• What you will do:
Write the lines below out exactly, dropping each picture.

• Data extract:
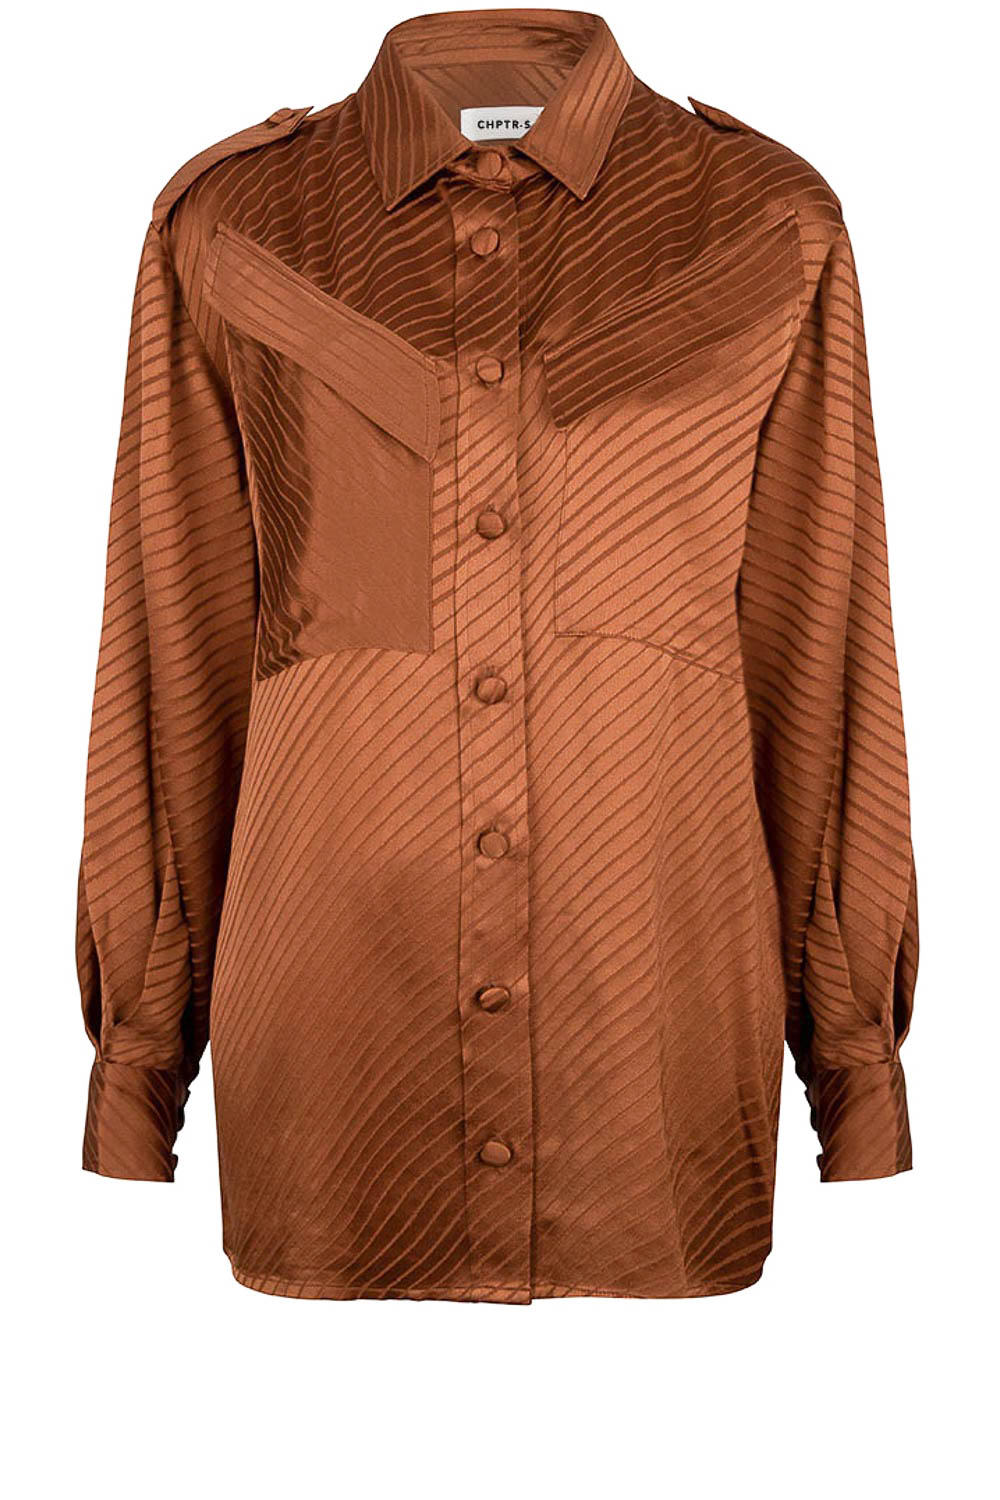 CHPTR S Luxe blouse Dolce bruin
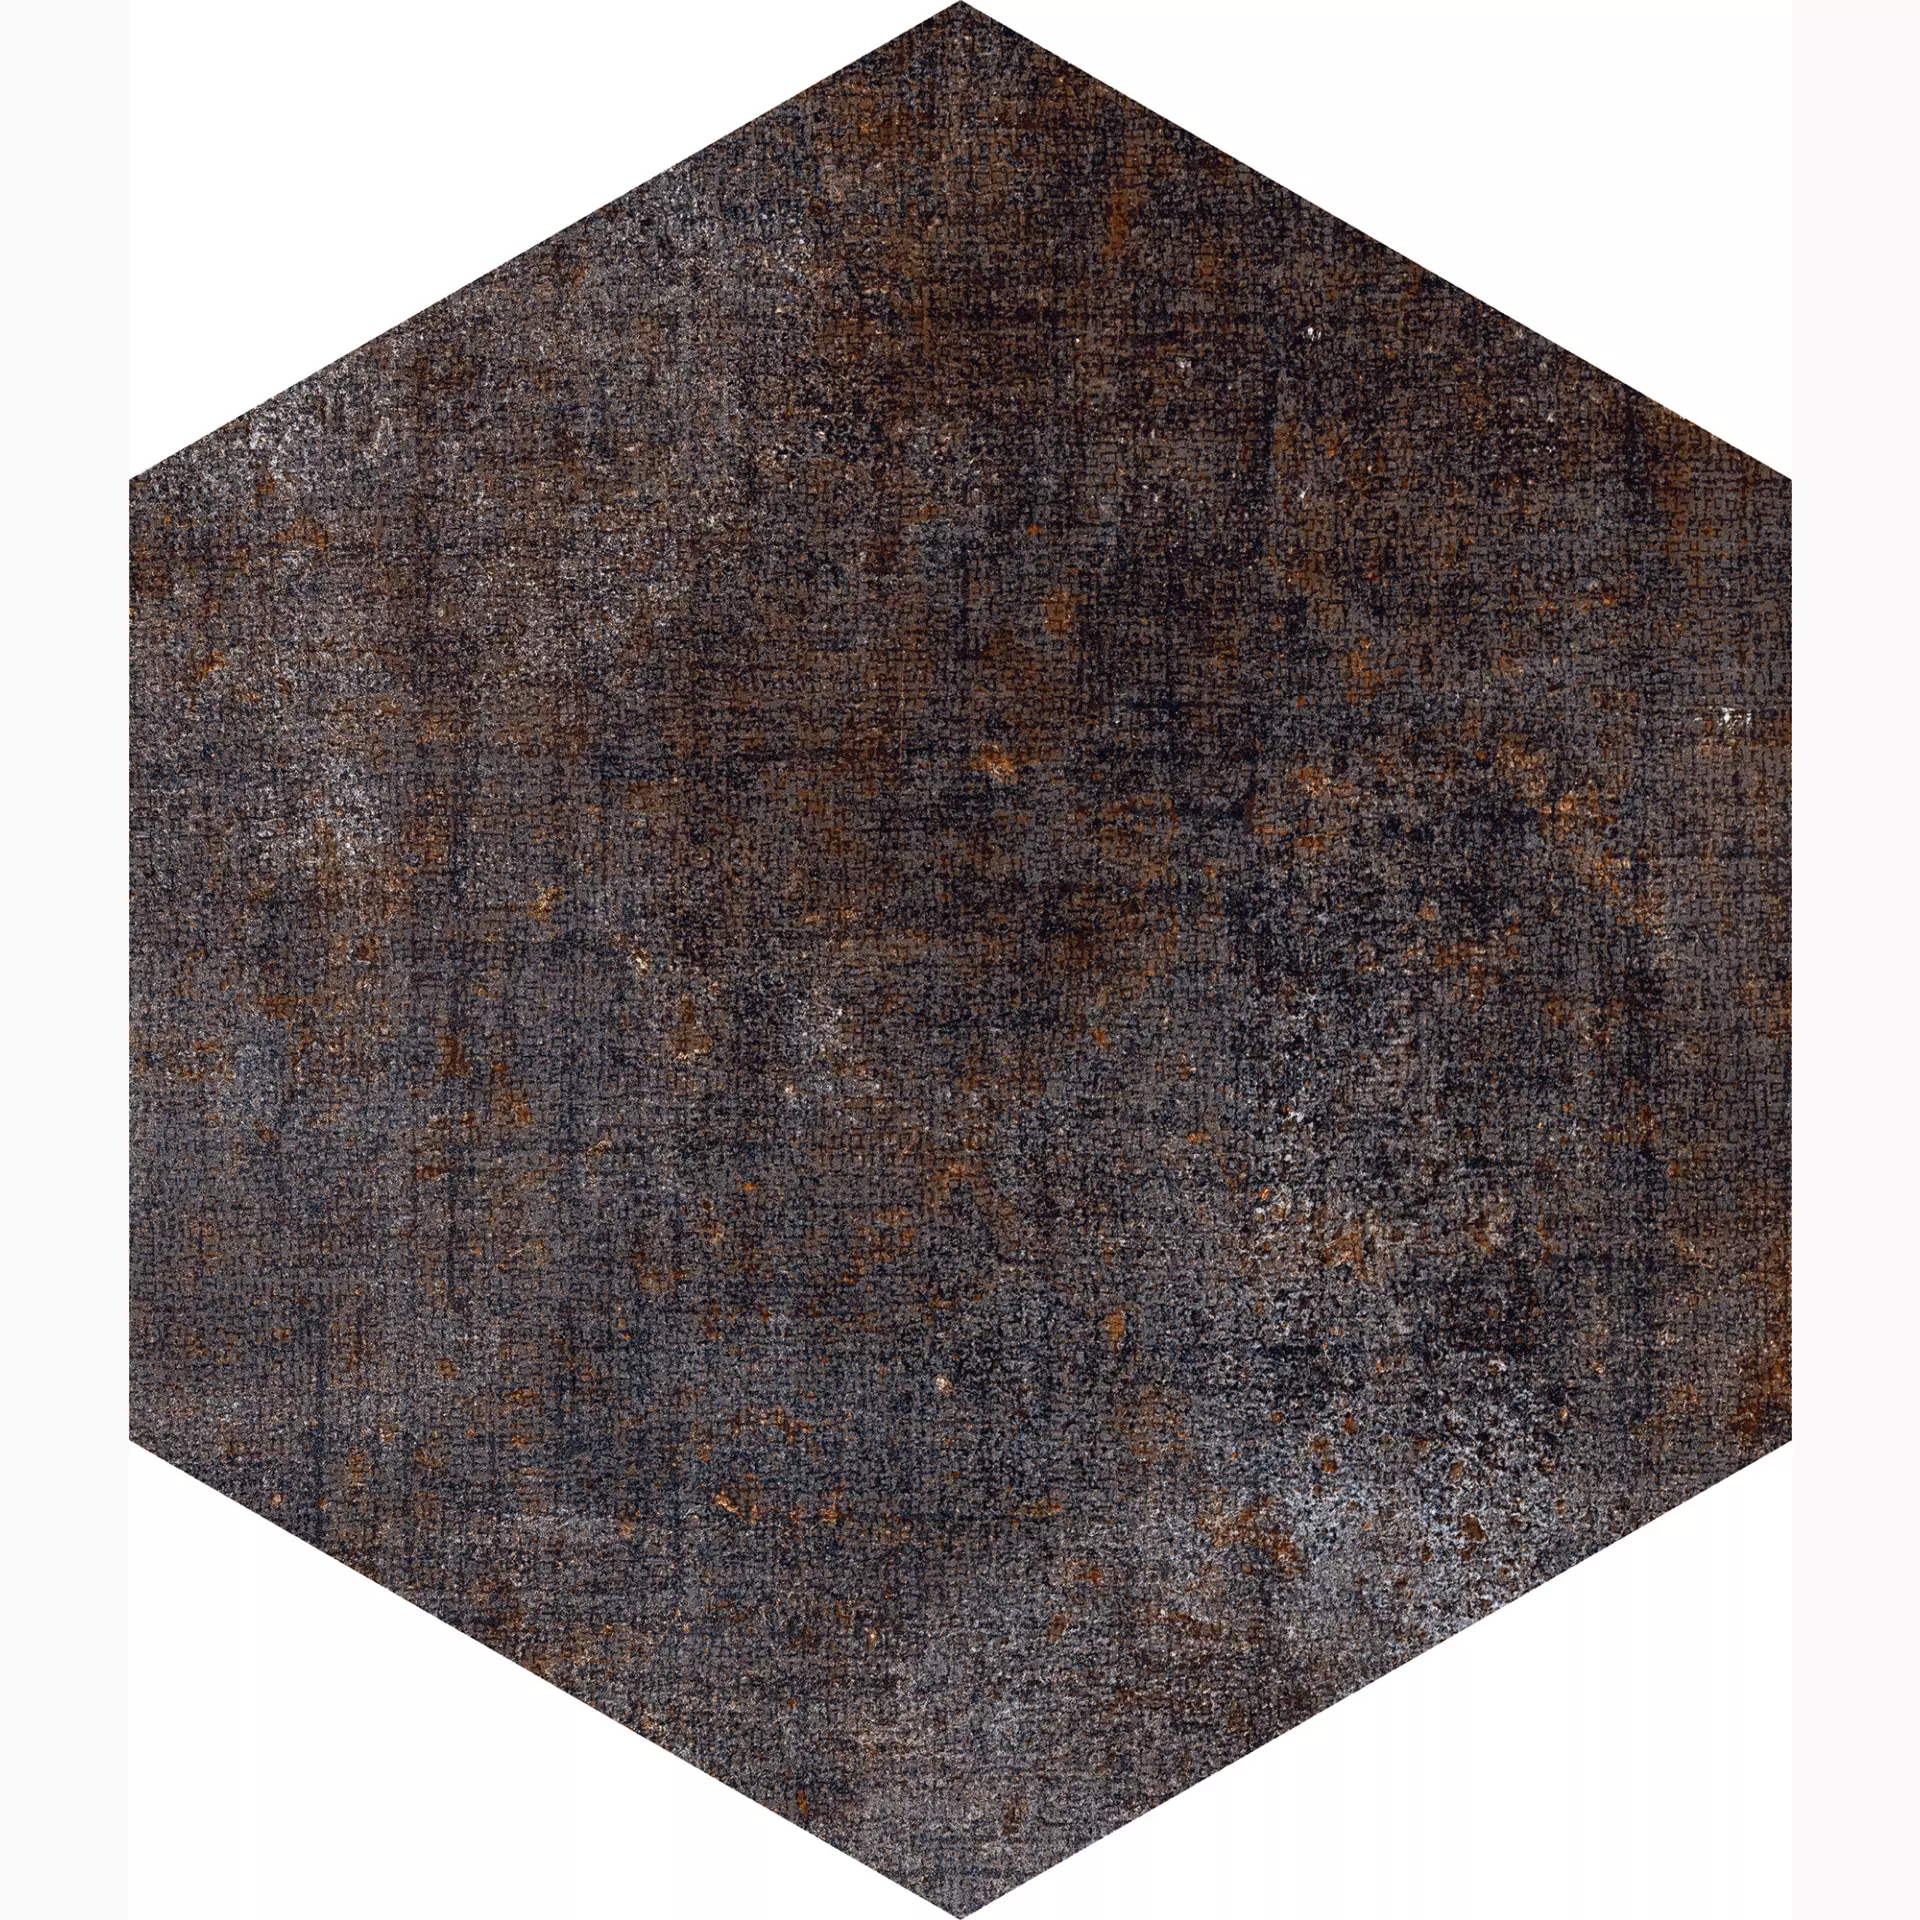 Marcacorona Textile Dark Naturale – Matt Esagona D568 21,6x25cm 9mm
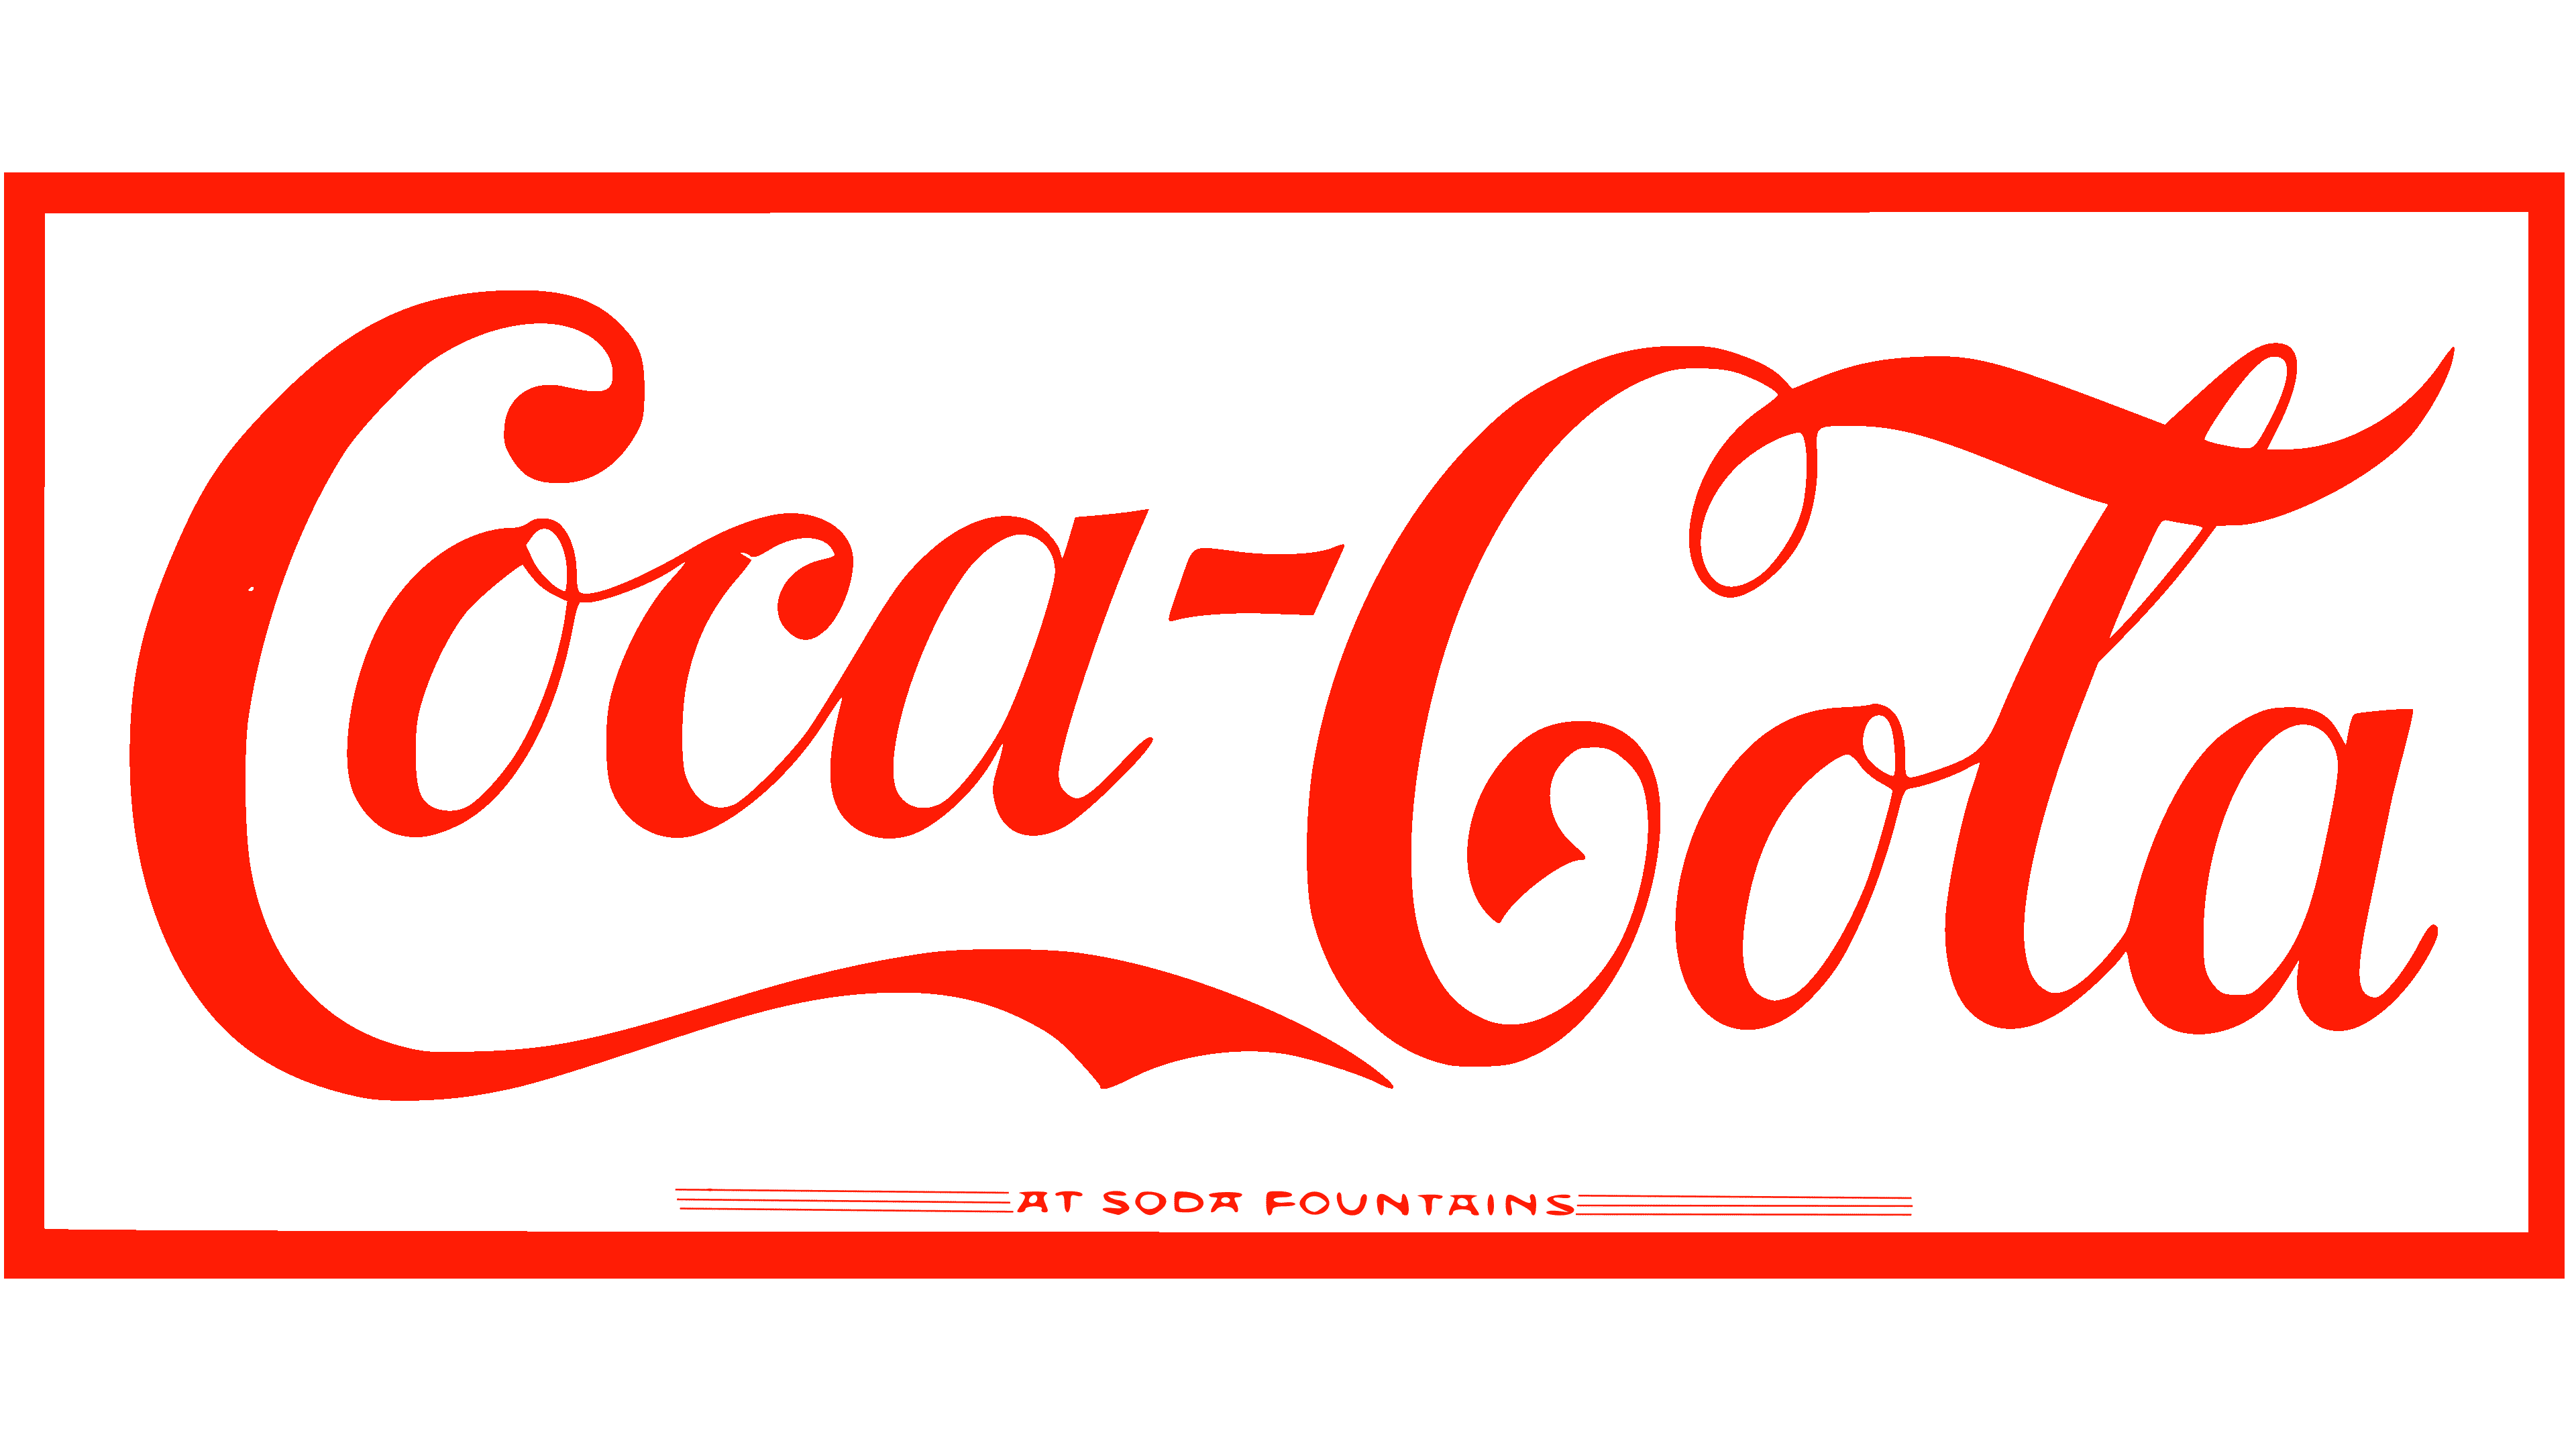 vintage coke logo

• Task answer:
 CHPTR S Luxe blouse Dolce bruin
 Marcacorona Textile Dark Naturale – Matt Esagona D568 21,6x25cm 9mm
 vintage coke logo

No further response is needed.